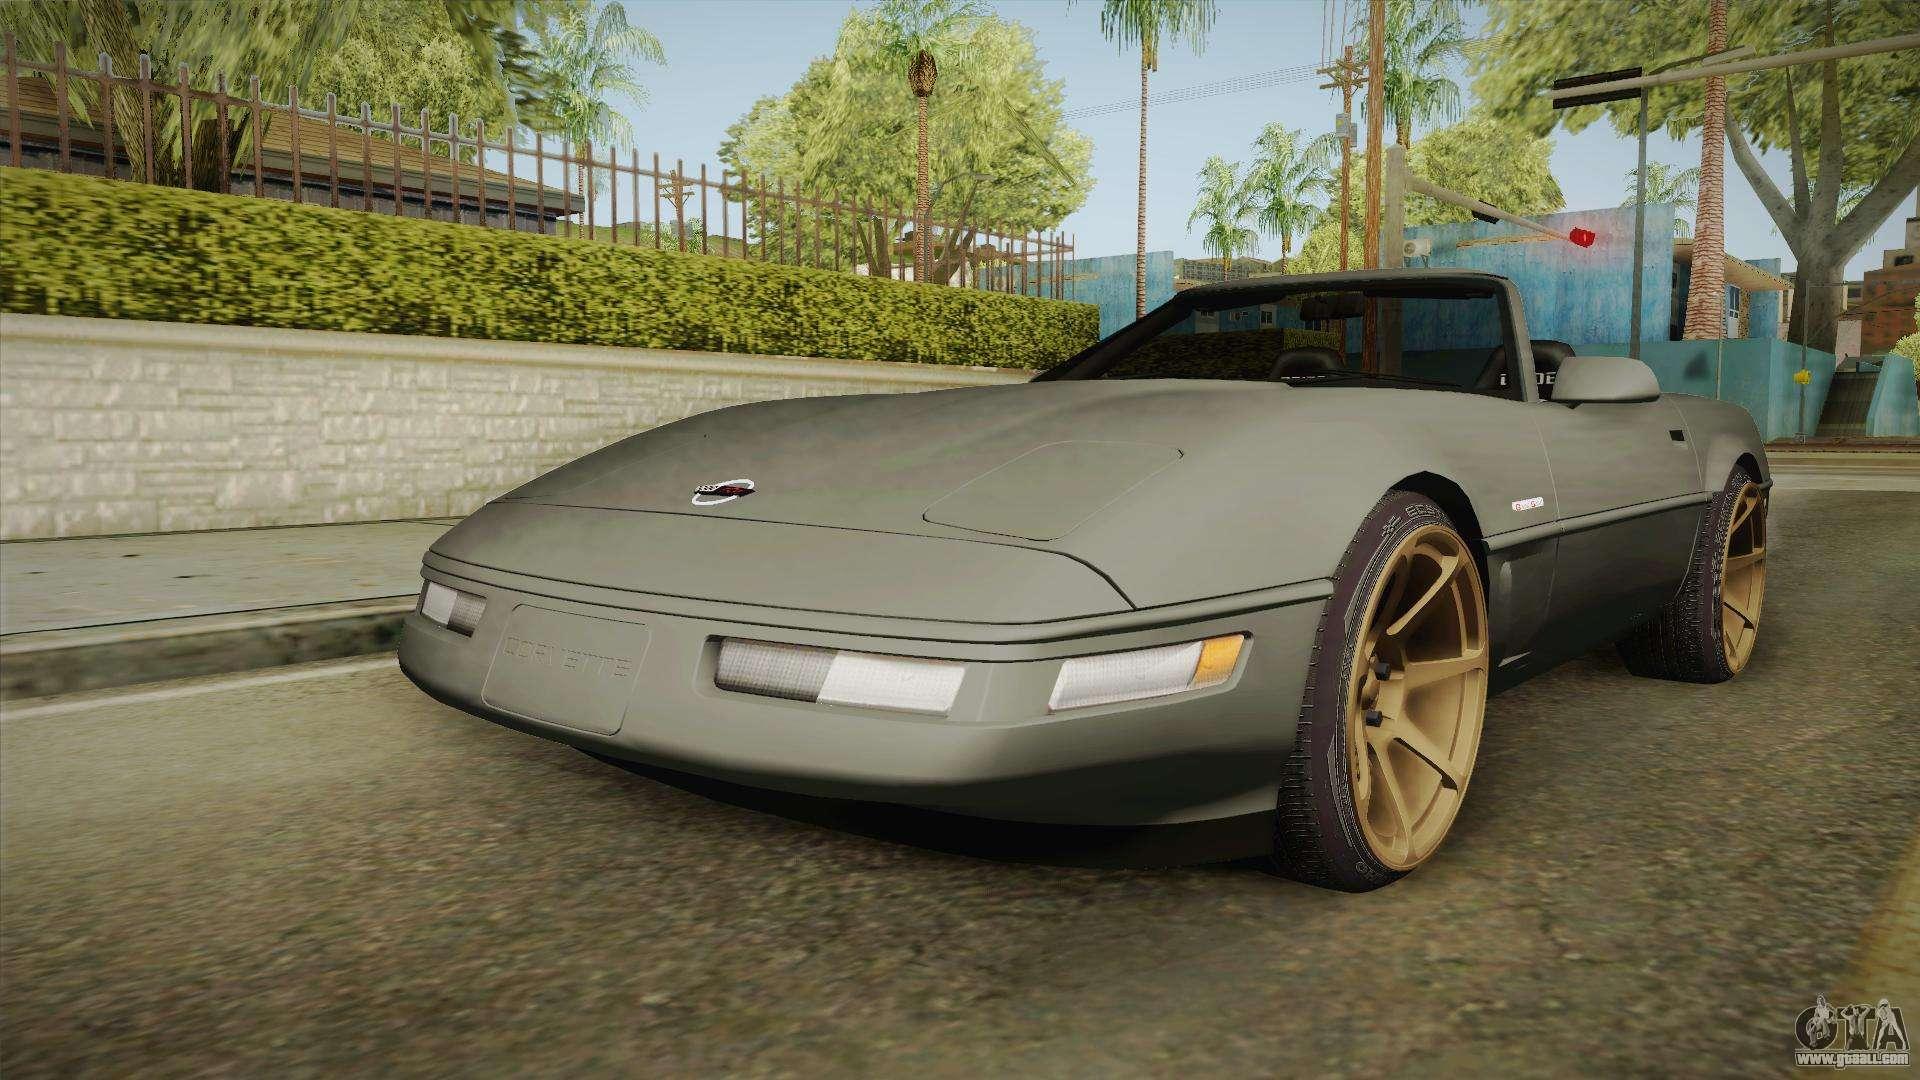 chevrolet corvette c4 cabrio drift 1996 for gta san andreas. Black Bedroom Furniture Sets. Home Design Ideas
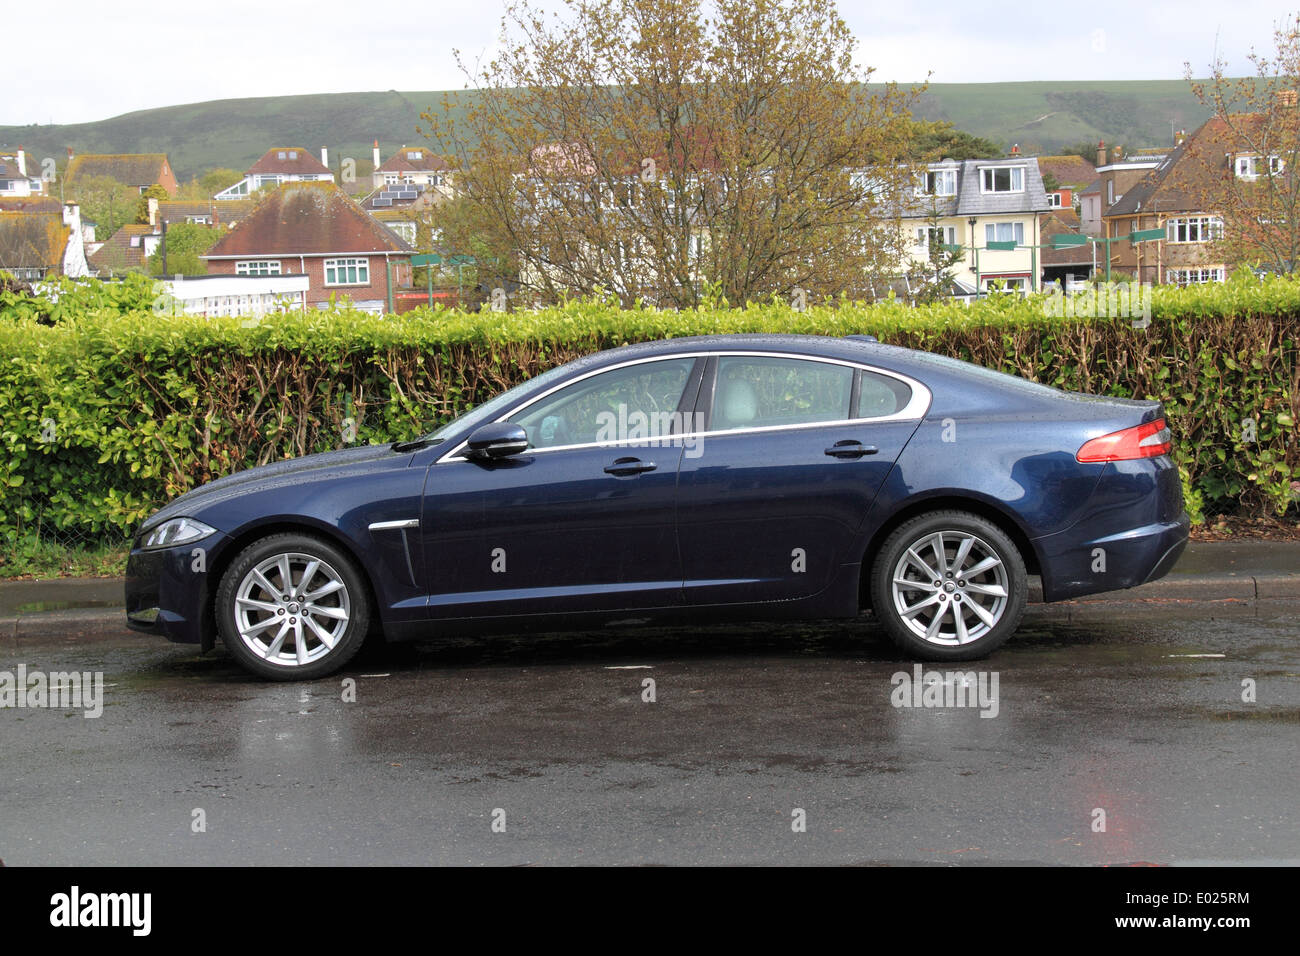 Jaguar XF 2.2D Premium Luxury (2012 style update), Surrey, England, Great Britain, United Kingdom, UK, Europe - Stock Image
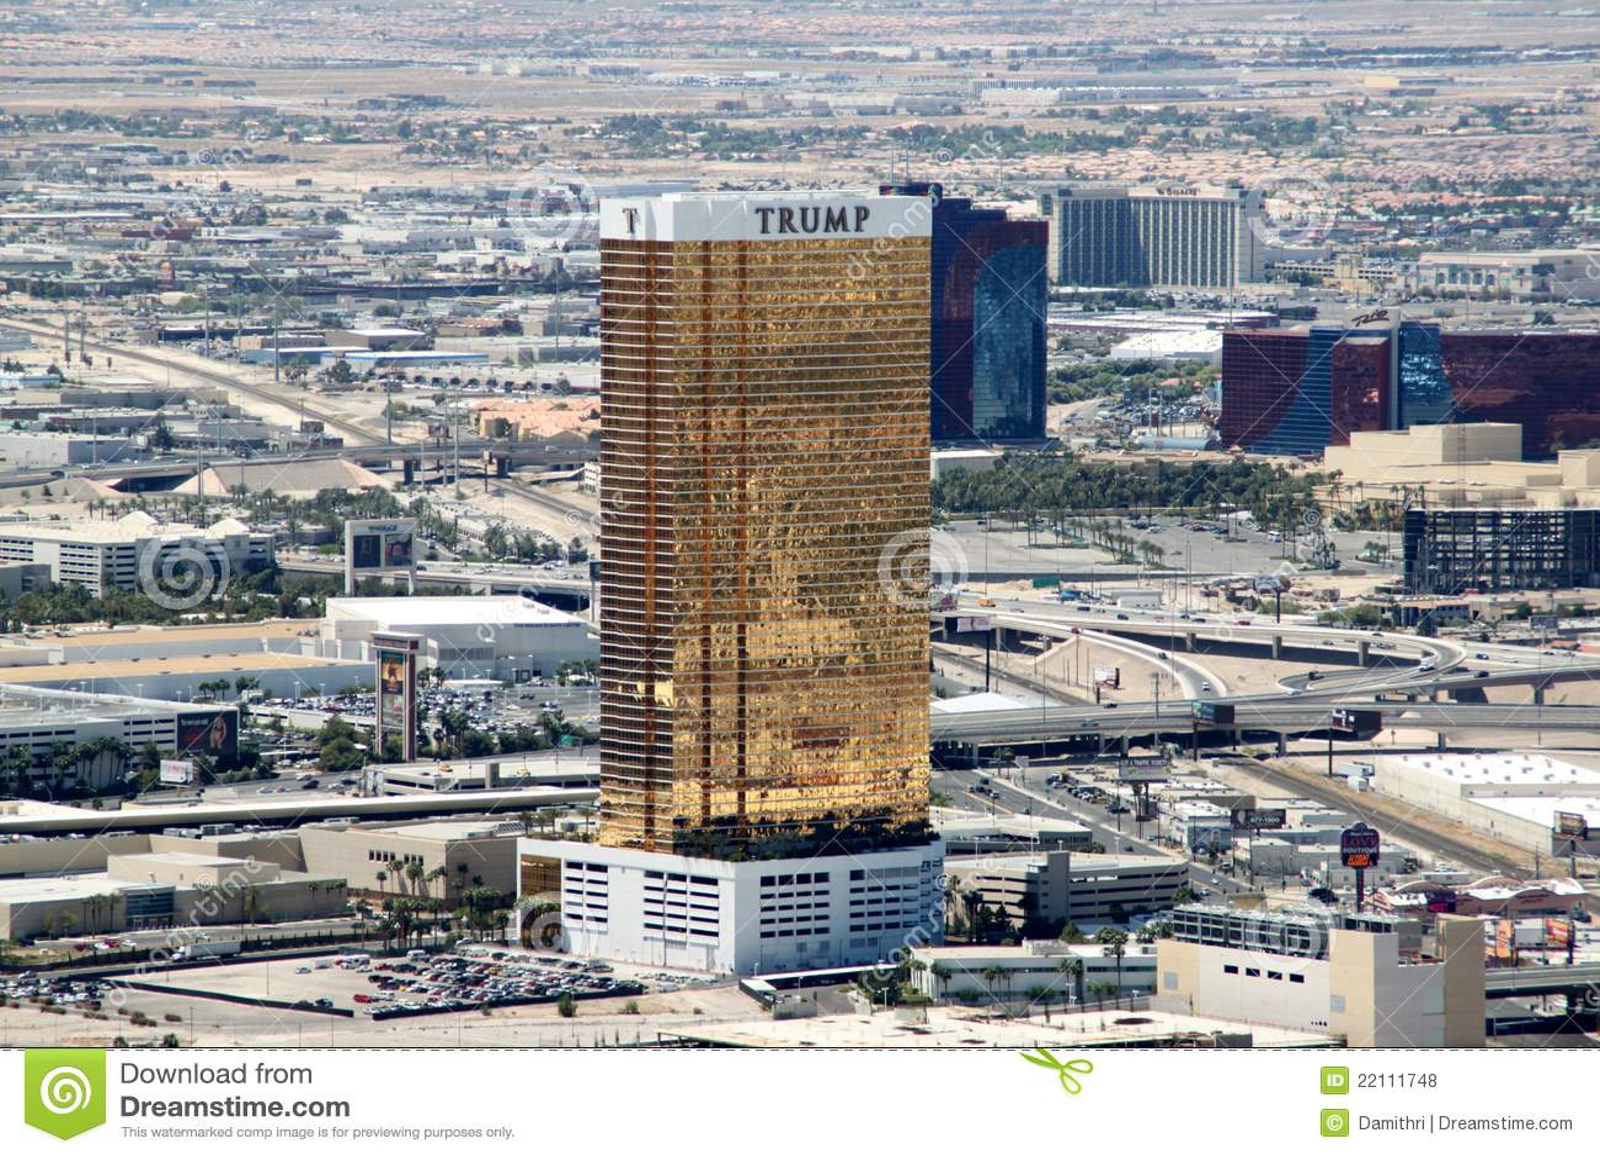 Trump International Hotel, Las Vegas Editorial Stock Photo - Image ...
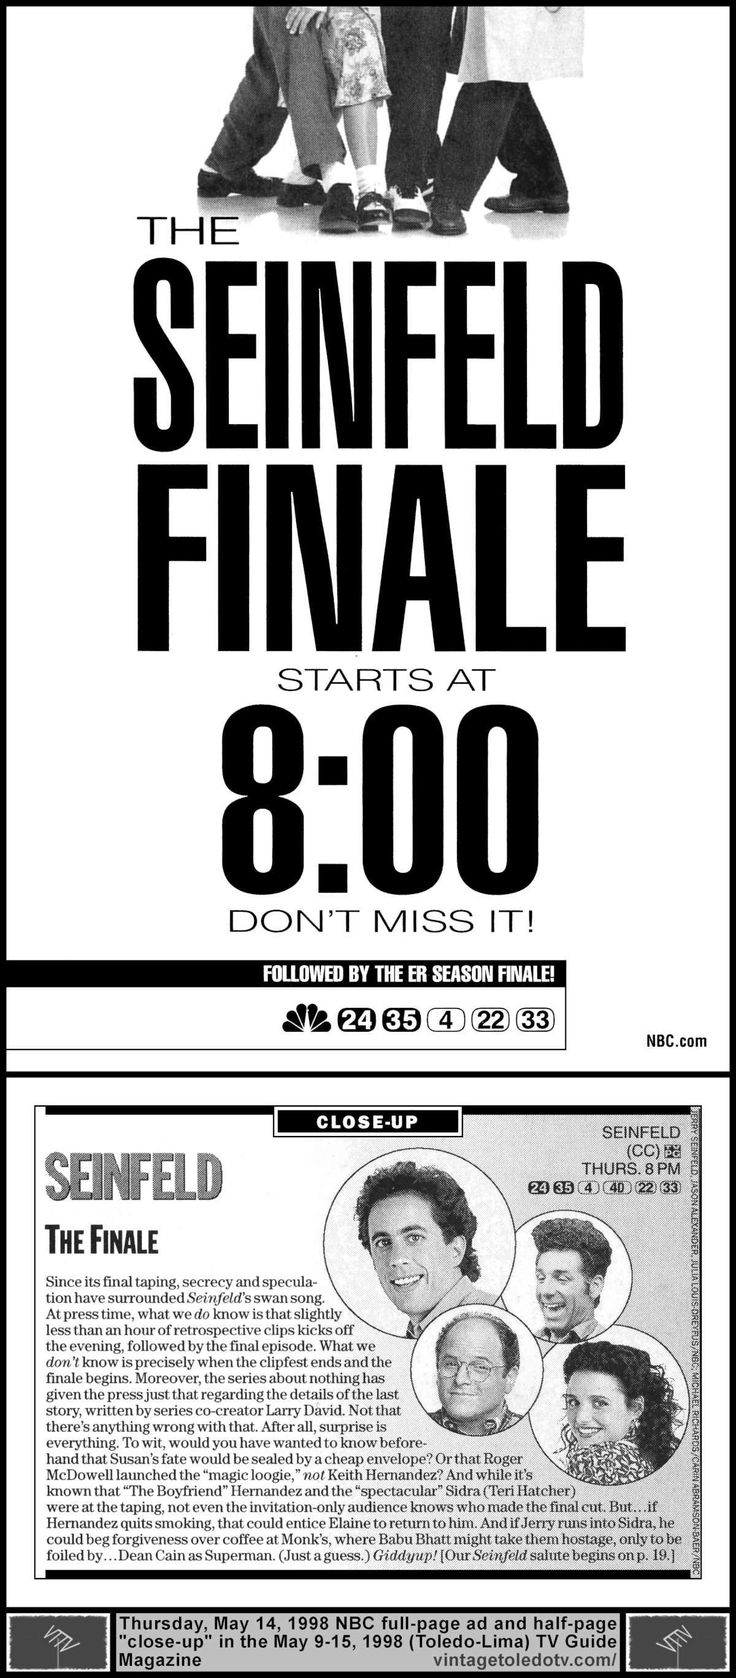 "Vintage Toledo TV - NBC Print ads - Seinfeld ""The Finale"" (Thu 5/14/98 full-pg TV Guide ad and half-pg ""close-up"") Jerry Seinfeld, Michael Richards, Jason Alexander, Julia Louis-Dreyfus."

════

● **ACTIVITY**
Nothing but the pictures is to be left out; the rest of the listing should be copied exactly.

● **RESPONSE TO THIS TASK**
 chevrolet corvette c4 cabrio drift 1996 for gta san andreas. Black Bedroom Furniture Sets. Home Design Ideas
 Jaguar XF 2.2D Premium Luxury (2012 style update), Surrey, England, Great Britain, United Kingdom, UK, Europe - Stock Image
 Trump International Hotel, Las Vegas Editorial Stock Photo - Image ...
 "Vintage Toledo TV - NBC Print ads - Seinfeld ""The Finale"" (Thu 5/14/98 full-pg TV Guide ad and half-pg ""close-up"") Jerry Seinfeld, Michael Richards, Jason Alexander, Julia Louis-Dreyfus."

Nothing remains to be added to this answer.